An employment agreement whereby a worker promises not to join a LABOR UNION or promises to resign from a union if he or she is already a member.

Until the 1930s, employers were able to use a variety of measures to prevent employees from joining labor unions. One of the most effective was the yellow dog contract, which frequently forced employees to either sign an agreement not to join a union or be fired. Courts upheld the legality of yellow dog contracts and frequently struck down state laws that sought to outlaw them. The enactment of the WAGNER ACT in 1935 (29 U.S.C.A. § 151 et seq.) finally put an end to these types of agreements.

The U.S. Supreme Court's hostility to efforts by government to outlaw the yellow dog contract was rooted in the concept of "liberty of contract." Near the end of the nineteenth century, the Court used the DUE PROCESS provisions of the Fifth and Fourteenth Amendments to the U.S. Constitution to strike down federal and state laws regulating business.

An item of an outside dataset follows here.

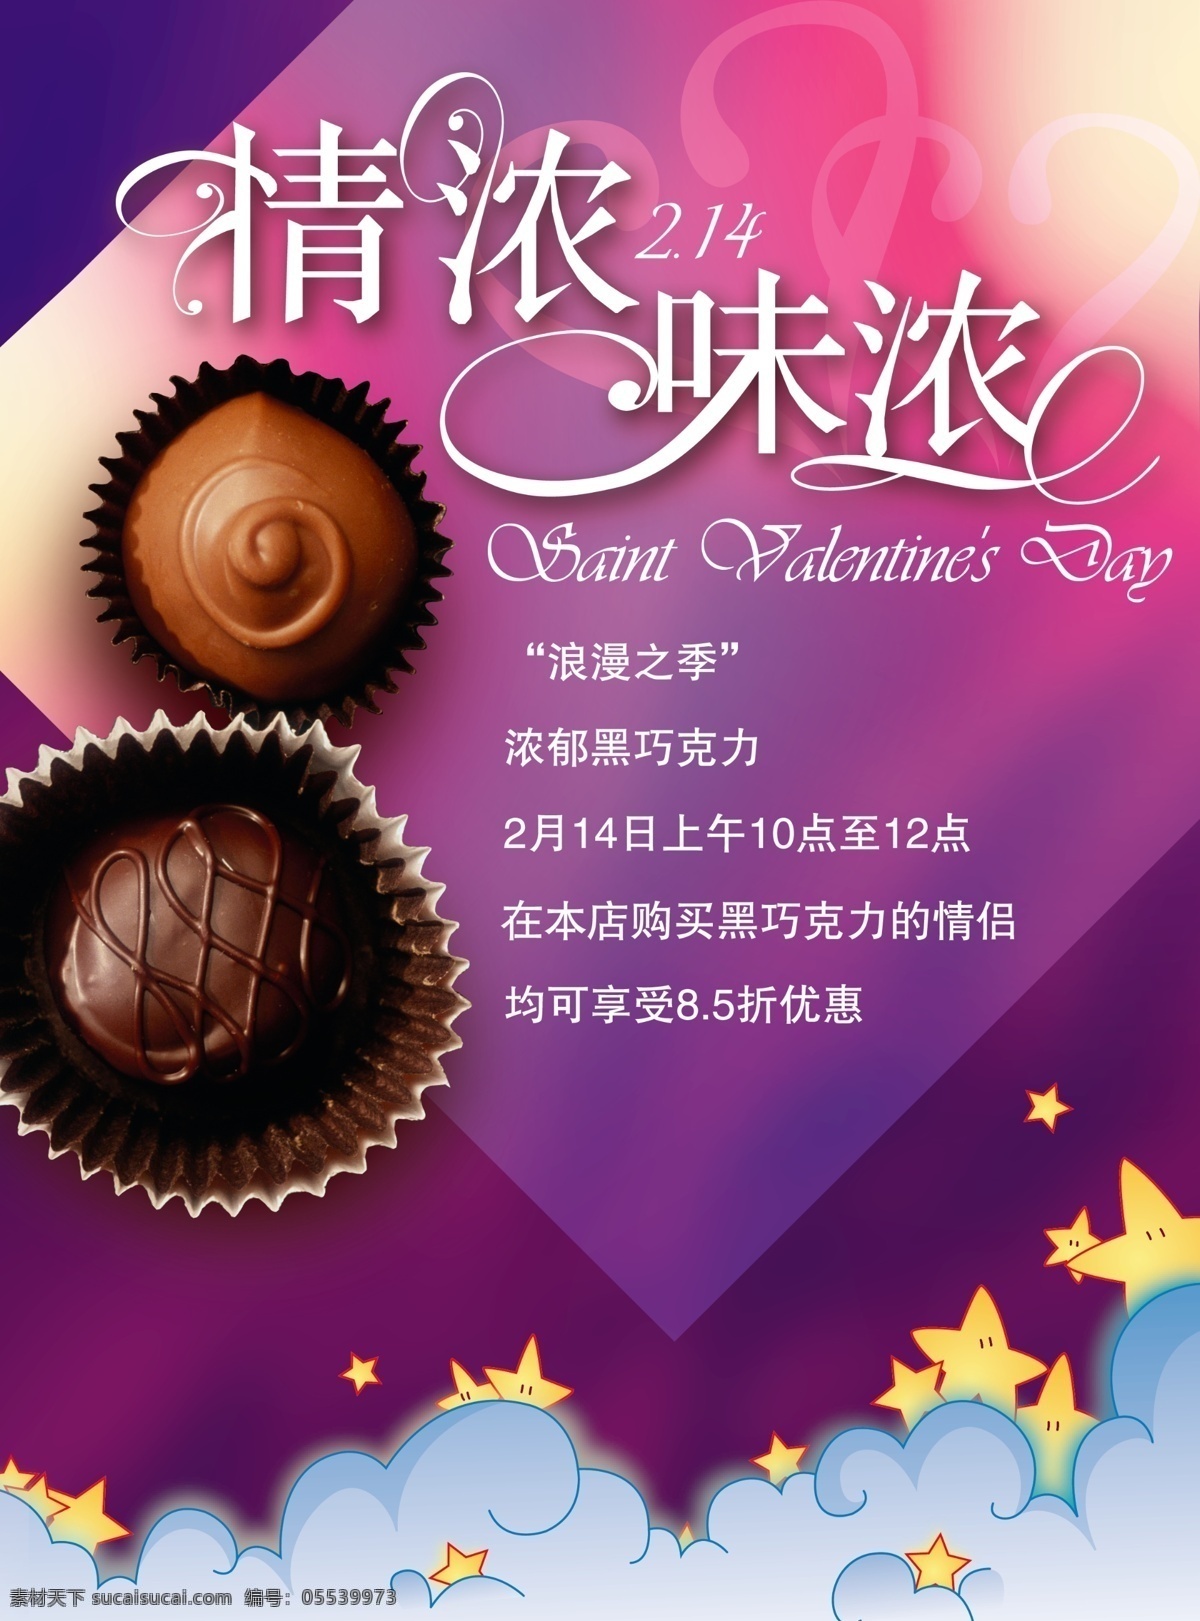 情人节 巧克力 2.14 黑 浪漫 季 海报 设计图 广告 模板 展板 广告模板 广告展板设计 广告设计模板 psd素材 紫色

These amendments provide that no government was to "deprive any person of life, liberty, or property, without due process of law." The Court interpreted this prohibition to include the negotiating of terms of employment between an employer and an employee.

Therefore, in Adair v. United States, 208 U.S. 161, 28 S. Ct. 277, 52 L. Ed. 436 (1908), the Court struck down a federal law that protected union members by prohibiting yellow dog contracts and the discharge or blacklisting of employees for union activities. In his majority opinion Justice JOHN HARLAN presumed that there was equal bargaining power between an employer and an employee, and that the law was an unreasonable intrusion on personal liberty and property rights, as guaranteed by the FIFTH AMENDMENT.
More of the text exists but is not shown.